Search code examples
awksedbioinformatics

How to remove last character from a line only if it's a number in R or Linux


I have a list of ~28,000 gene transcripts, e.g.:

4R79.1b 
4R79.2b 
AC3.1a 
AC3.2 
AC3.3 
AC3.5a

I need to get gene names by removing the last character only if it's a letter. I've been googling for days and haven't found a solution that would remotely help, I must have missed something.
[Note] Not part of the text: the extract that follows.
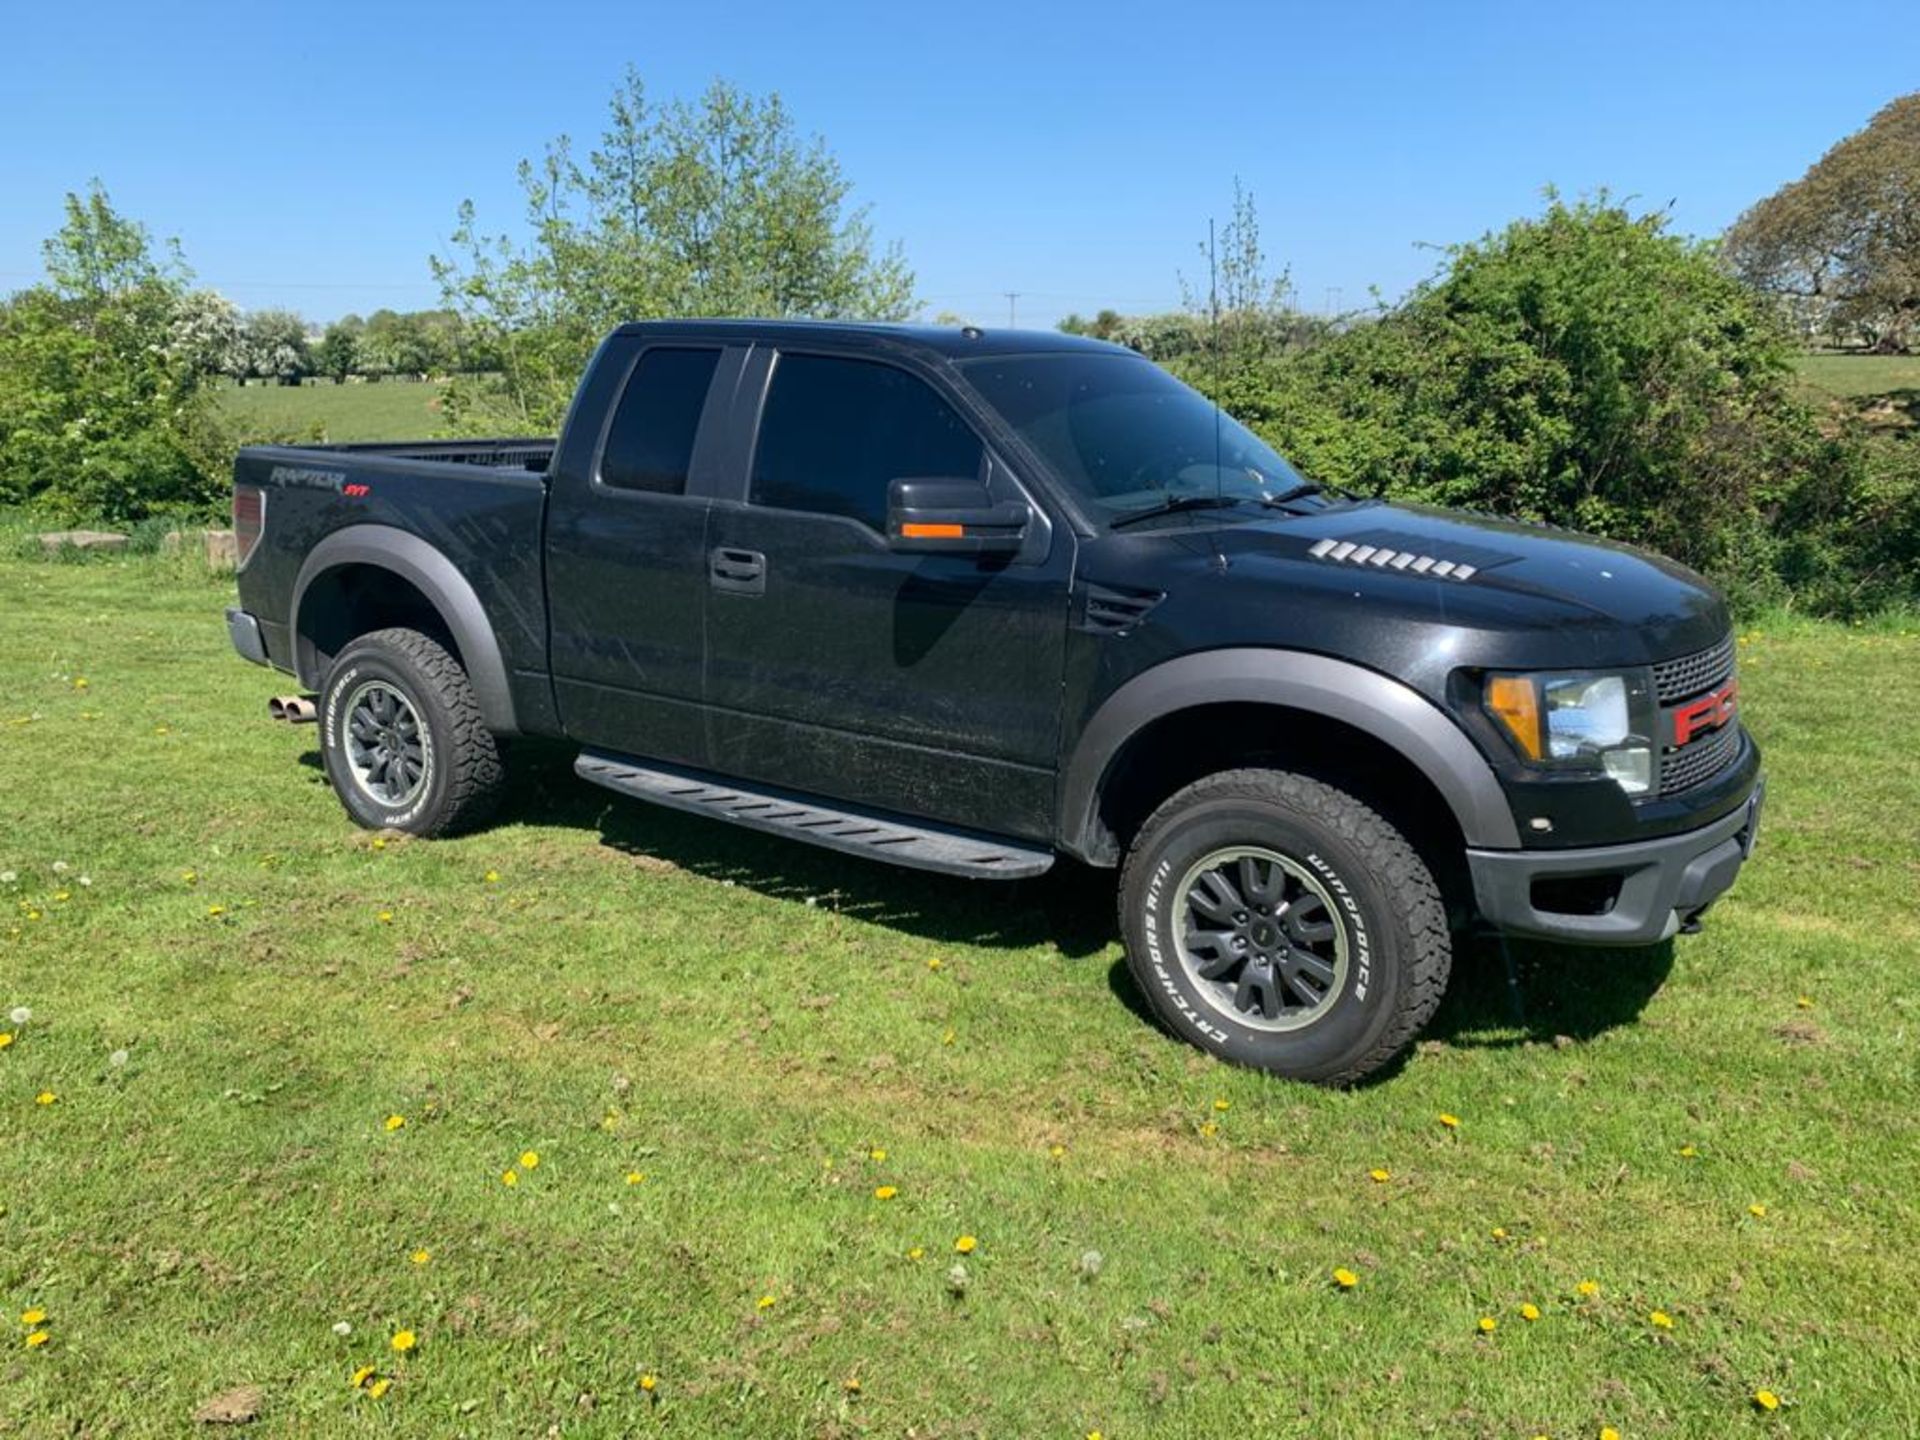 2012 FORD F-150 RAPTOR - 65,000 MILES, LOTS OF UPGRADED PARTS, READY IN UK WITH NOVA APPLICATION - Image 4 of 18

I thought there must be a simple solution but my best attempt was sed 's/[[:alpha:]]$//' transcripts.txt > genes.txt but it did not seem to do anything and the size of the file has not changed from the original.


Solution

  • With awk:

    $ echo '4R79.1b 4R79.2b AC3.1a AC3.2 AC3.3 AC3.5a' | 
    awk '{for(i=1;i<=NF;i++) sub(/[[:alpha:]]$/,"",$i)} 1'   
    

    Prints:

    4R79.1 4R79.2 AC3.1 AC3.2 AC3.3 AC3.5 
    

    Or sed:

    sed -E 's/[[:alpha:]]([[:space:]]|$)/\1/g'
    

    For a new file, just redirect:

    sed -E 's/[[:alpha:]]([[:space:]]|$)/\1/g' file > new_file
    

    If you want to replace inplace you can use sed:

    sed -i bak -E 's/[[:alpha:]]([[:space:]]|$)/\1/g' file
    

    Or awk by redirecting to a new temp file then overwriting the original (which is what sed -i is doing...):

    awk '{for(i=1;i<=NF;i++) sub(/[[:alpha:]]$/,"",$i)} 1' file > TEMP_FILE && mv -f TEMP_FILE file
    

    You can also use GNU awk which has an inplace option as well.